Со скрипом выпрямив алюминиевые колени, он встает с места. Сейчас виден весь двор, но он не смотрит туда. «Войди и уничтожь самодовольное спокойствие этих людей. Они не уважают человека, они смеются, издеваются над всем и вся. Не сегодня, так завтра они посмеются над умом, добротой, честностью. Войди!»
И снова раздвоенность мешает ему. Он остается стоять на месте, выпрямив торс над алюминиевыми протезами. Он почти падает, но удерживает себя, схватившись за спинку коляски, а затем осторожно садится.

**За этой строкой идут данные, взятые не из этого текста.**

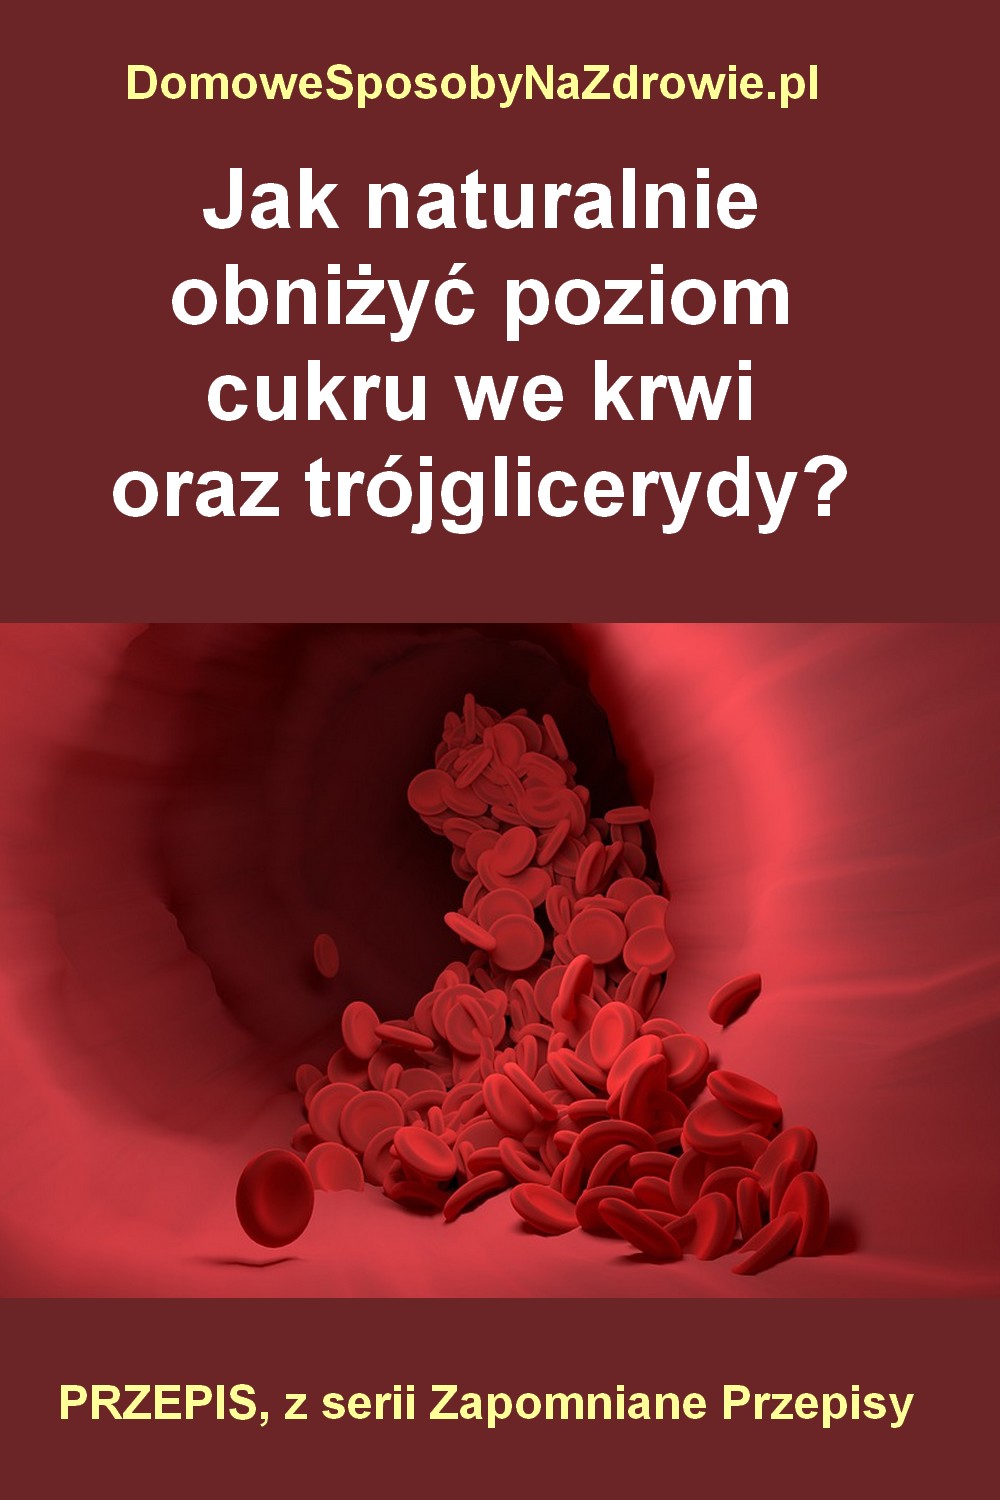 DomoweSposobyNaZdrowie.pl-jak-obniżyc-glukoze-we-krwi-i-trojglicerydy-przepis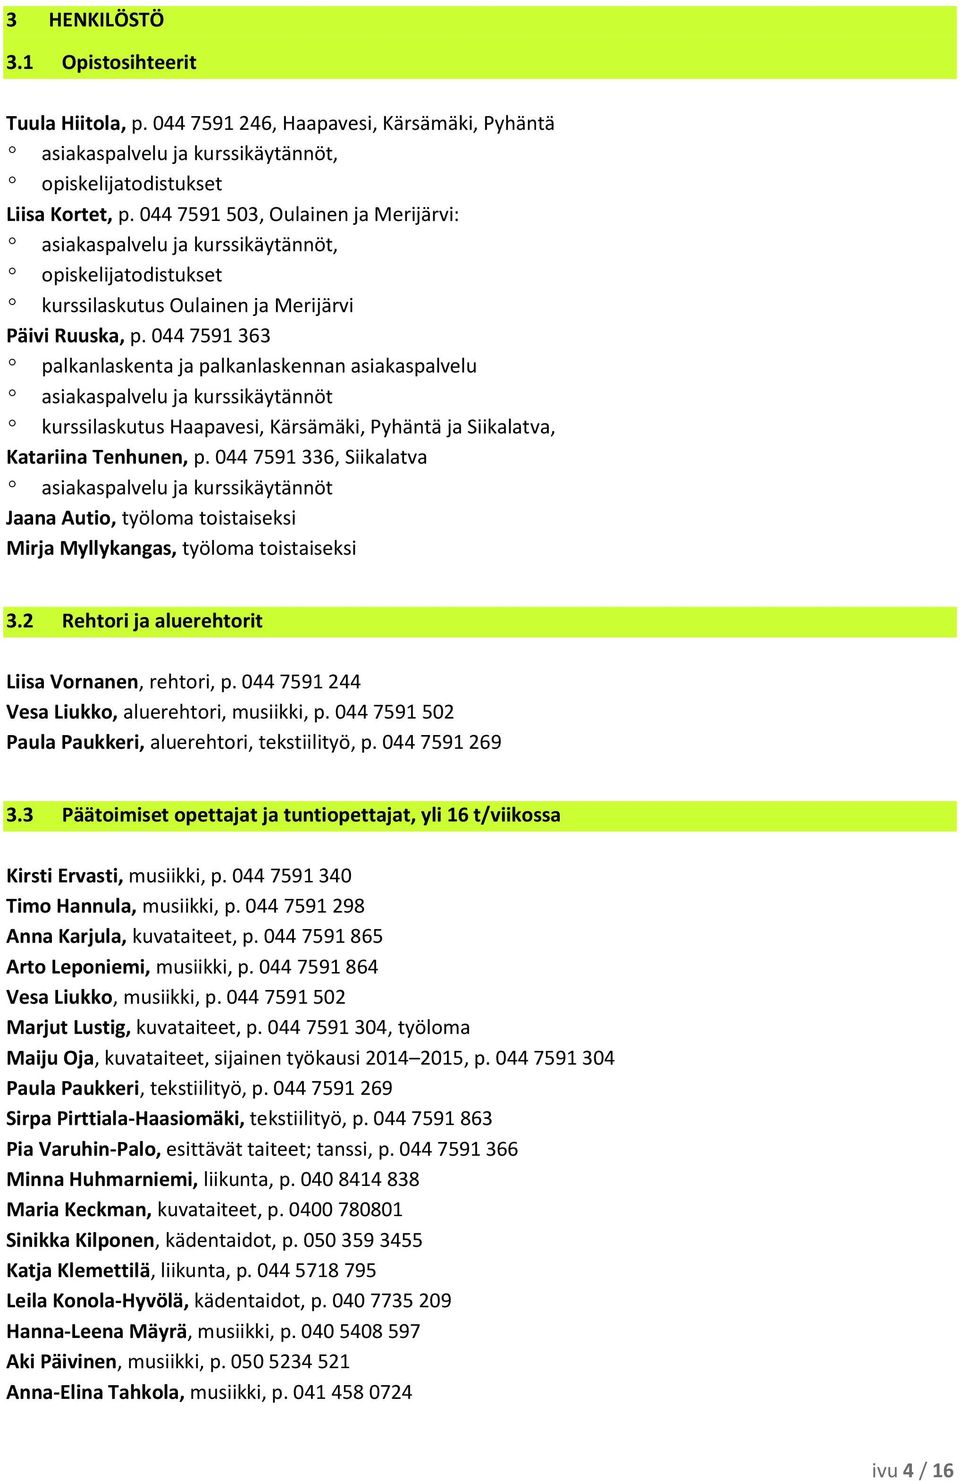 044 7591 363 º palkanlaskenta ja palkanlaskennan asiakaspalvelu º asiakaspalvelu ja kurssikäytännöt º kurssilaskutus Haapavesi, Kärsämäki, Pyhäntä ja Siikalatva, Katariina Tenhunen, p.

Он размышляет. Эти люди, наверное, устали от бездумного существования, разочаровались без разочарования, ожесточились, не изведав ужасов войны. Но нужно пробудить в них гуманность, иначе будет поздно. В комнате больше не шумят, слышен только голос жены и смех гостей.
В соседнем дворе лает собака, ветер издали доносит благоухание зелени.
Медленной и тяжелой походкой он мысленно опять уходит к лесной избушке. Идет спасать в себе человека. В избушке его ждет верный пес.
На сырой лесной тропинке следы чьих-то ног. Он беспокойно осматривает их. Уже давно в избушке живут только он и собака. Давным-давно ушли все родные, исчезла любовь, рассеялись товарищи. Ушли все-все. И вдруг следы, незнакомые следы!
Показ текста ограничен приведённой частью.